When Grief Touches Everyone: Understanding Community Loss and How to Cope
Writing this piece hasn’t been easy. In fact, I debated for several days whether I even should. The recent Air India Flight crash in India has been devastating - not just because of the danger it posed, but because of how deeply personal it feels. When tragedy strikes so close to one’s identity, culture, or community, it becomes more than a headline - it becomes a mirror reflecting our own fears, grief, and helplessness.
As a grief therapist, I’m no stranger to holding space for others’ pain. But I also know that when pain hits close to home, there’s a fine line between being informed and being overwhelmed. I found myself limiting how much news I consumed, intentionally stepping away from updates so I could stay grounded and emotionally available for my clients and community. This is the balance many of us are trying to navigate understanding what’s happening without becoming consumed by it.
The Tragedy: A Community in Mourning
On June 12, an Air India Express flight bound for London crashed just minutes after takeoff from Ahmedabad, India, in what has now become the world’s deadliest air disaster in a decade. The plane went down in a densely populated residential area, striking a medical college hostel and leaving hundreds of lives lost including passengers, crew members, and people on the ground.
It’s hard to fully grasp the weight of such a tragedy. The number is staggering 275 lives gone but behind each life was a family, a dream, a future interrupted. Even for those of us watching from a distance, the pain feels close. Many in the Indian and South Asian diaspora are mourning not just for the lives lost, but for the suddenness, the helplessness, and the collective heartbreak that follows a disaster of this scale.
What Makes Community Grief Different?
This isn’t just about a plane crash. It’s about a community reeling from shock, families facing unimaginable loss, and an entire culture holding its breath in grief. When grief touches so many at once, it becomes something larger, something shared. And in that shared sorrow, we are reminded how deeply connected we are, and how much we need each other to heal. Community grief doesn’t belong to just one person. It spreads through neighborhoods, workplaces, places of worship, and cultural ties.
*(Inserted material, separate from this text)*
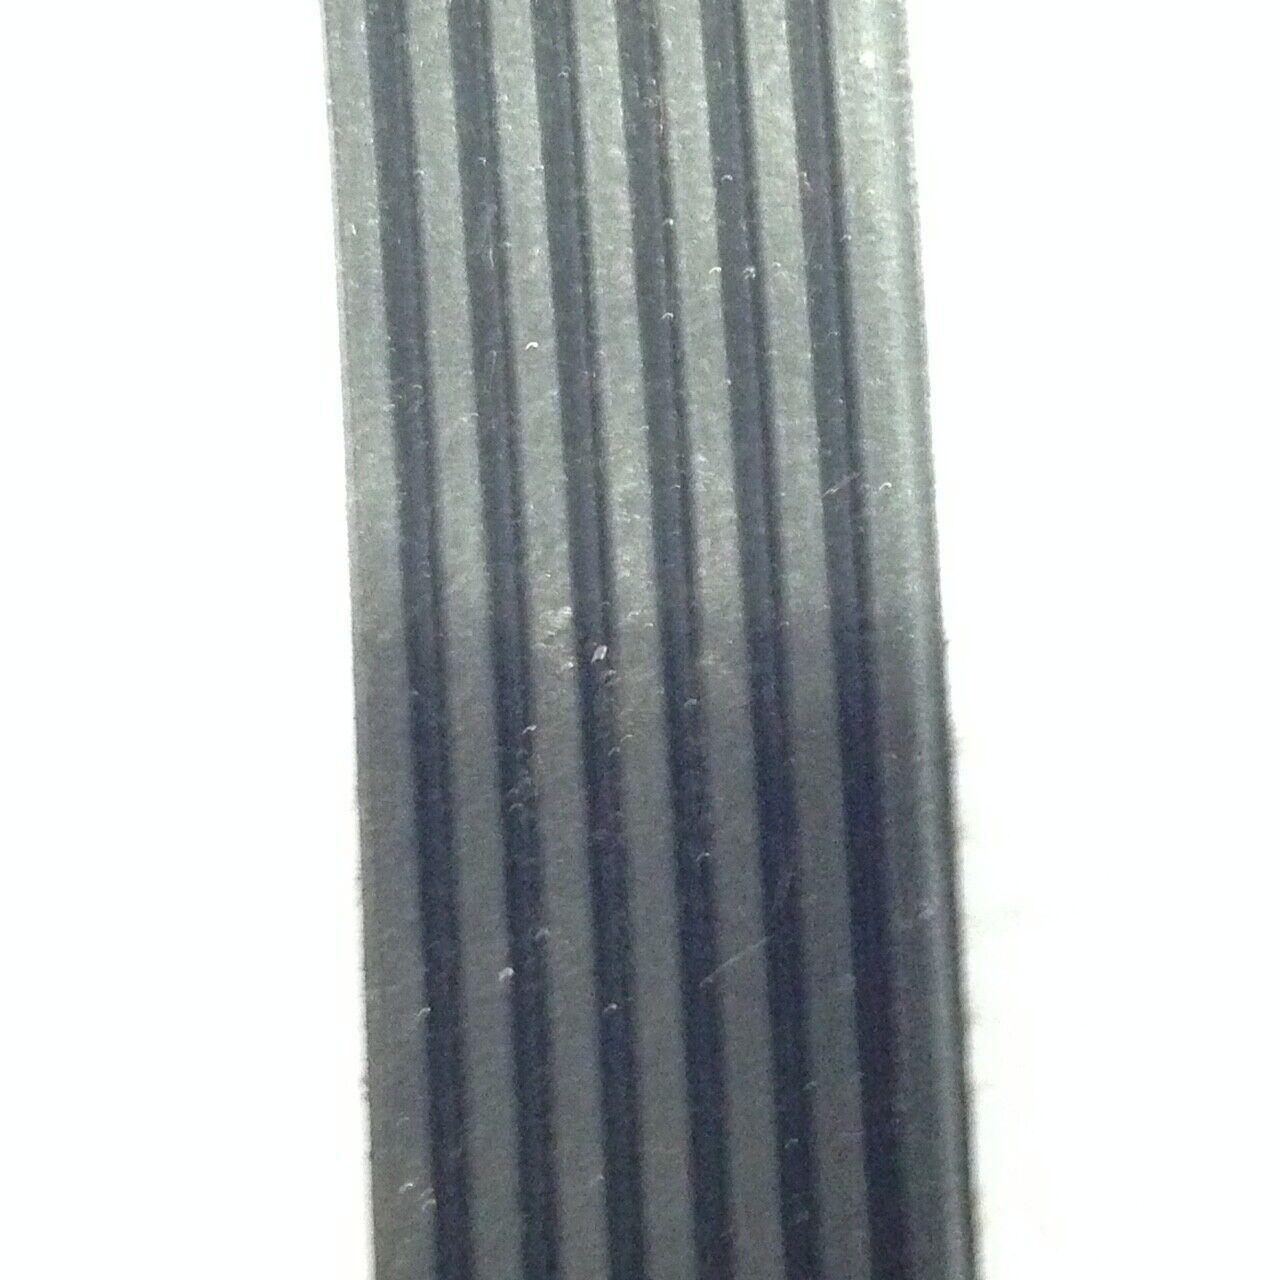 T8 Antriebsriemen Tunturi Sitzergometer Ergometer T 8

It’s not only about who was lost, but what was lost - a sense of safety, normalcy, and sometimes even identity.
In community grief:
Everyone may be hurting, leaving fewer emotional anchors to lean on.
There’s a tendency to compare pain or invalidate our own because “others had it worse.”
People feel responsible for being strong or composed, especially in cultural communities where emotional restraint is valued.
The Weight of Survivor’s Guilt
One of the most painful emotions in shared tragedies is survivor’s guilt - the belief that you didn’t deserve to live, or that you somehow failed others by surviving.
Survivor’s guilt often sounds like:
“I should have noticed something.”
“What if I had done something differently?”
“Do I deserve to move forward while someone else never got the chance?”
It’s important to acknowledge that these thoughts are common and that they are symptoms of trauma, not truths. Survivorship is not a moral failure. It is, painfully and beautifully, a beginning.
Coping Skills for Collective and Survivor Grief
Whether you were directly involved, know someone who was, or simply feel this loss in your bones, there are ways to honor your grief and take care of yourself:
1. Validate Your Grief
Your feelings are real even if others appear “more affected.” Grief doesn’t require justification.
2. Create Boundaries with Media
Limit how much news you consume. Stay informed but not overwhelmed. Give yourself permission to step away when needed.
3. Connect with Others
Grief isolates us, but connection heals. Talk with others who understand. Attend community events, online vigils, or support groups.
4. Use Grounding Tools
Techniques like deep breathing, and mindfulness can calm your nervous system. A simple exercise: place your arms around your shoulders in an “angel hug” and say, “I’m going to be okay.”
5. Honor the Lost
Write, pray, light a candle, or create a ritual. Giving grief a shape can help it feel less overwhelming.
6. Seek Professional Help
Working with a therapist, especially one who understands cultural context can provide validation, coping strategies, and a space to process complex emotions.
A Final Thought
I chose to write this because grief deserves to be seen, even when it’s uncomfortable. As a therapist, a South Asian woman, and a member of a global community, I believe it’s possible to honor pain without being swallowed by it. And I believe in the power of hope, renewed, redefined, and remembered through every loss we carry together.